Saturday, August 11, 2007

remember me

The distance, in space, in time, feels greater than it is. And yet, my watch is still on Ghana time, 4 hours fast, and I no longer have the excuse that keeping it that way will help me remember to take my malaria pills. But why bother changing it anyway? I bought the watch in Ghana; let it remain Ghanaian at least a while longer. That way I can never forget.

Before we left, many people asked me, and all the other departing volunteers, not to forget them. As if that were possible. But I started to think that maybe “forget,” like every other word, means something different to them than it does to us. To me, “forget” means “to not remember, to no longer have memory of.” But for them, I think, “forget” means “to not think on or about.” The “correct” discourse these days on reconciliation is that you cannot forgive and forget, you must forgive but remember, but that’s based on a particular western connotation of “forget.” For Africa, though, maybe it is possible to forgive and forget, to forgive and not dwell on. The past must certainly be remembered: the good things embraced and passed on, the bad things learned from. But little good can be done by dwelling on the particulars of who committed what atrocity against whom. Of course, that is largely what the Truth and Reconciliation Commission aims to do, for heaven forbid the Liberians forgive and forget. Discourse is everything — meaning, nothing.
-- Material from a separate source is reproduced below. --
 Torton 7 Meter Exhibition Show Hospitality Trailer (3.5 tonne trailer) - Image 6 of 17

But the TRC has its place and time will tell what good it can do for Liberia – but before it can really do anything it needs to do a better job informing the people of what it is and what it’s doing and why and how that matters. Because there are perpetrators who want to apologize and be forgiven, and there are victims who want to be apologized to so that they can forgive but right now that’s not really happening in any ordered manner.
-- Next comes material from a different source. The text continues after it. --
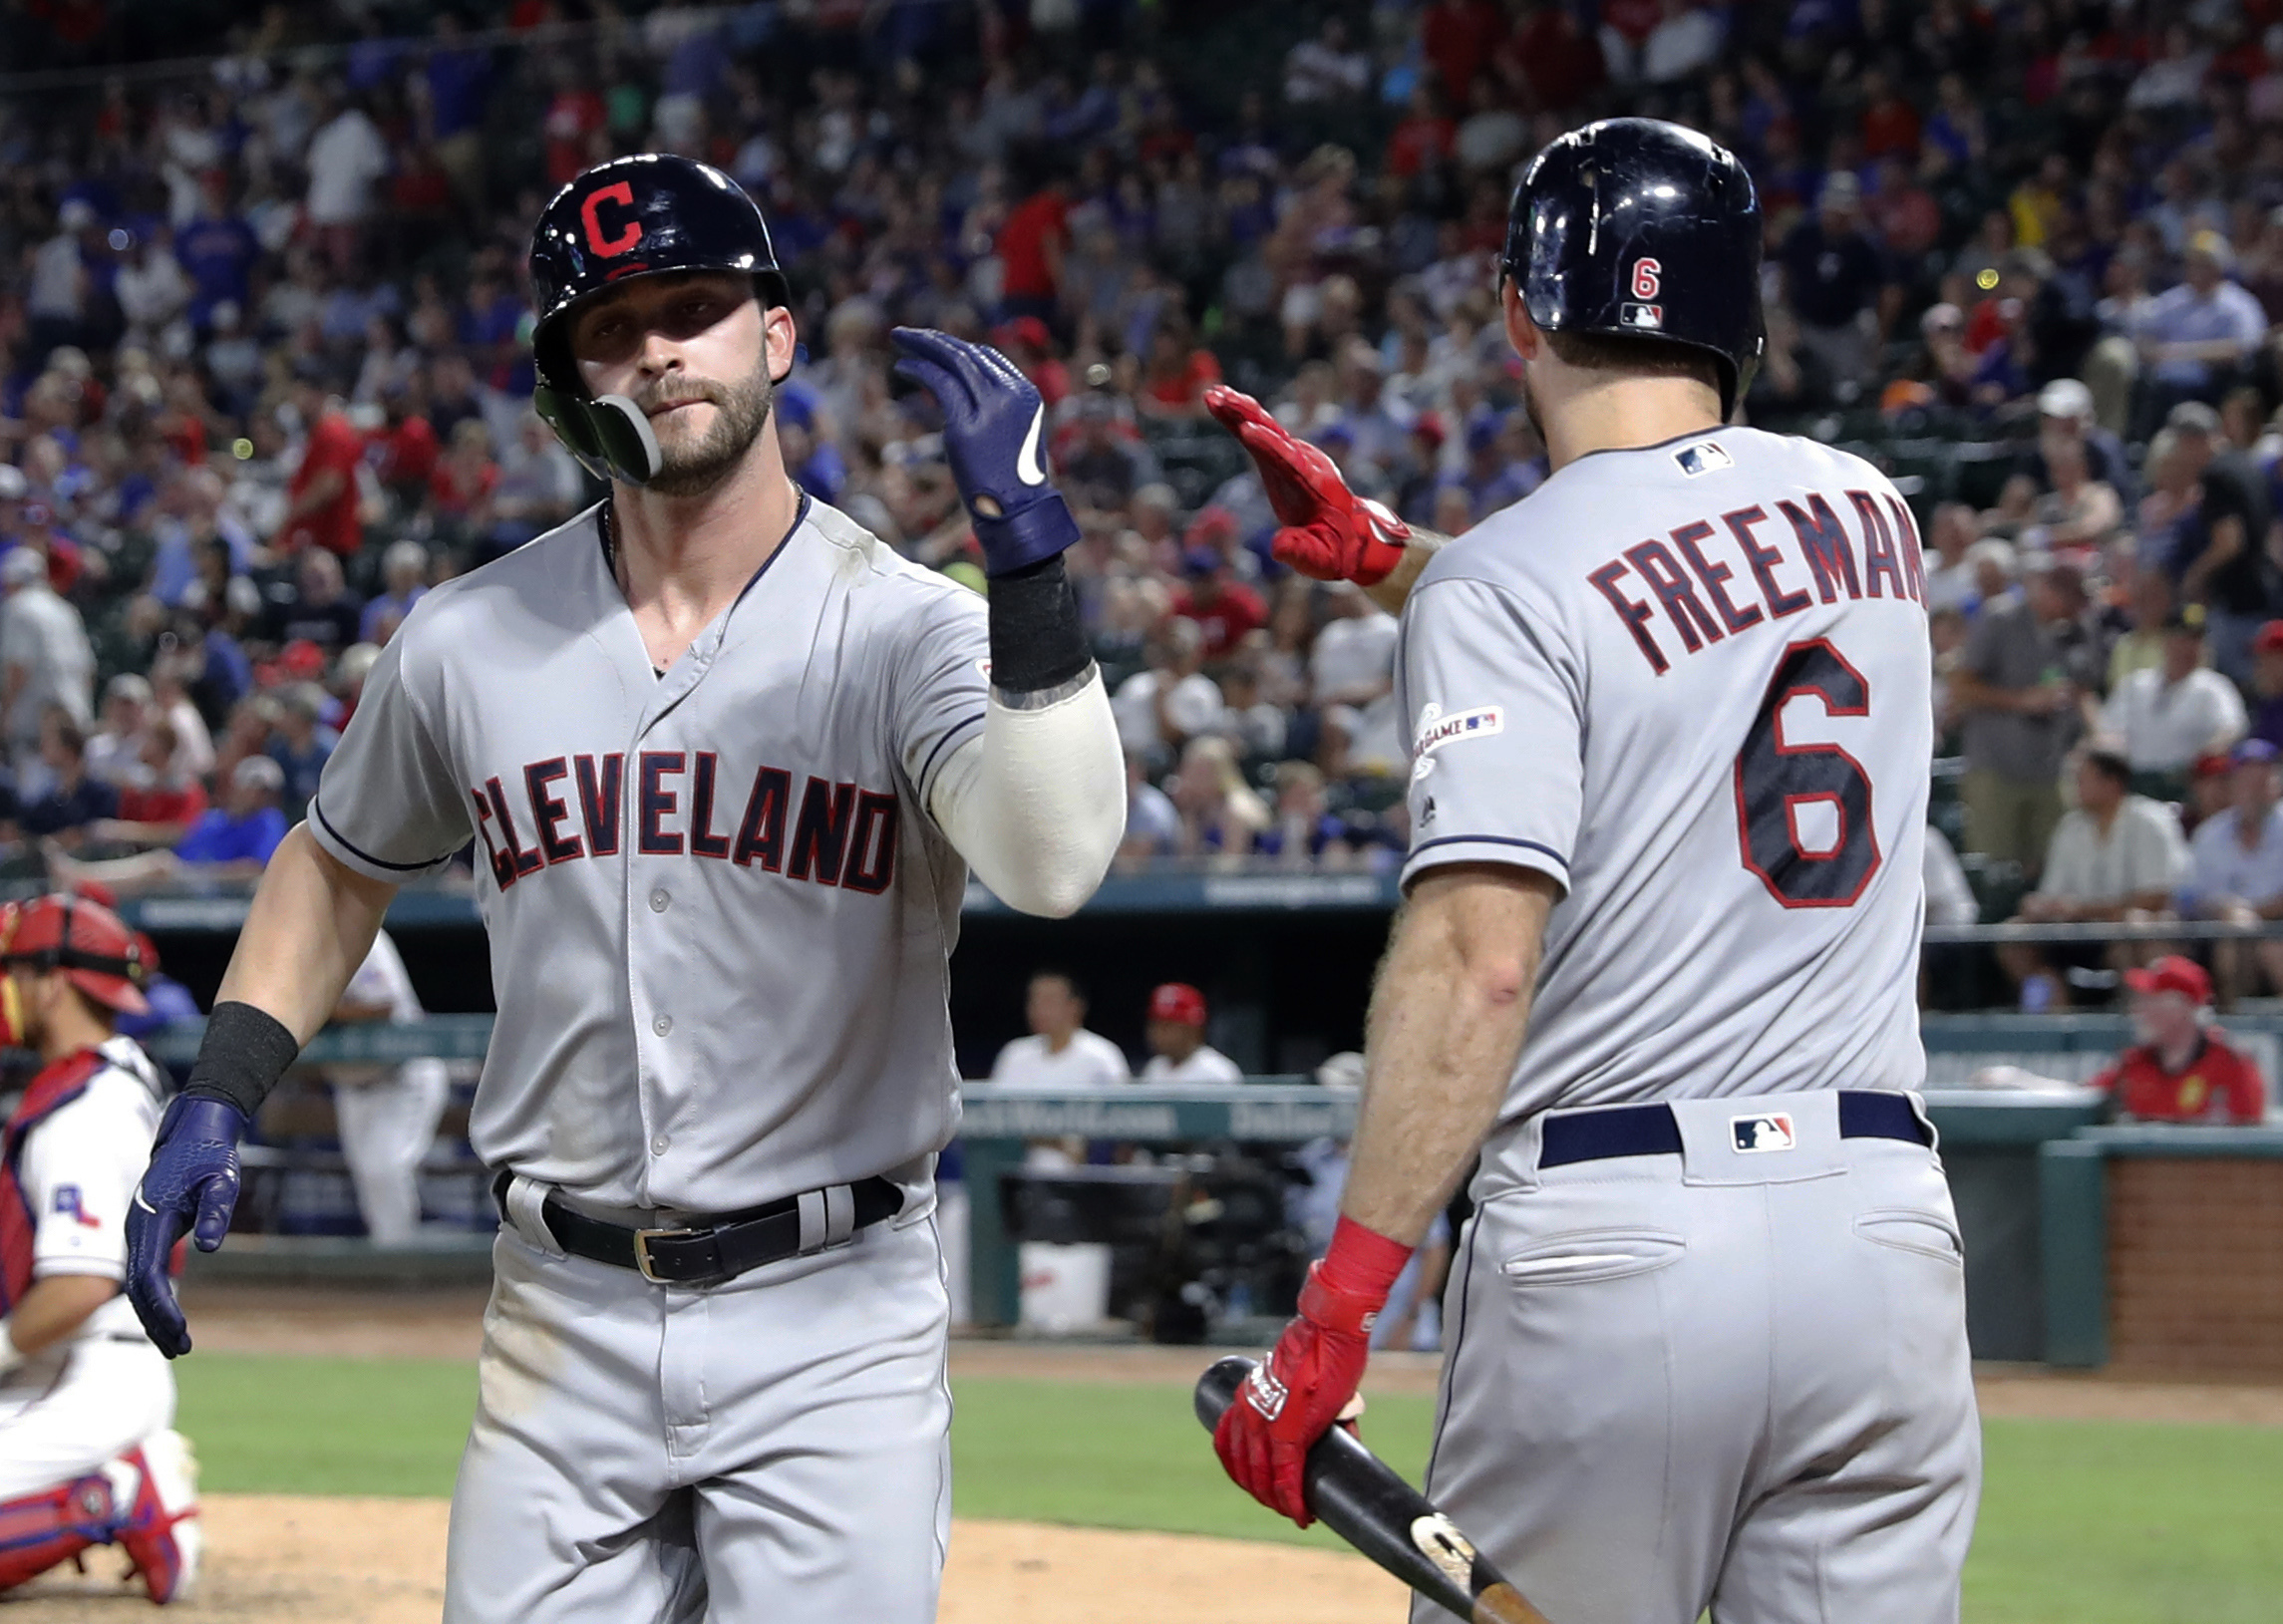 Indians hit 3 straight HRs, Plesac shuts down Rangers, 10-3

Enough about what others forget or remember. What do I do, now that I have left? How do I remember? And how can I let the Liberians know that I remember – and not just that I have memories of them stored away inside me, but that I think about them? I have plenty of email addresses (and plenty of them have mine) but there are challenges to keeping in touch. Any maintained relationship, if it’s kept up for more than a couple weeks (which I find doubtful, based partly on my own inability to expediently respond to emails), will undoubtedly become more than I was looking for, with confessions of love and requests for financial support in times of trouble. I can’t continue to deal with the BS that was driving me crazy after 6 weeks. And yet I can’t just leave them there. I can escape, I can forget. I can act like my time in Africa was just a little trip into other people’s lives, and I can just leave with my pictures and memories, as though the people I met and talked to and befriended and cared about were no different from elephants I might have seen had I traveled to northern Ghana. (So much for “Humanizing Refugees.”) I can’t just take what I want from Africa, the lessons, the friends, the experiences, the burdens, without giving back in return. When I was there, I gave, or at least I tried. But even now I’m still benefiting from Africa, yet who knows if Africa is still benefiting from me? (It should be. I told Meredith to finish up my unfinished business. But what about the people, what about the relationships? Those are mine and mine alone, and who am I to desert them?) I’m morally confused right now, because I don’t know that love is any better than hate for this world, but it still seems that to do something is better than to do nothing (though better is a misleading word). It may be for good, it may be for bad, in all likelihood it will be a combination of both – but I cannot disconnect.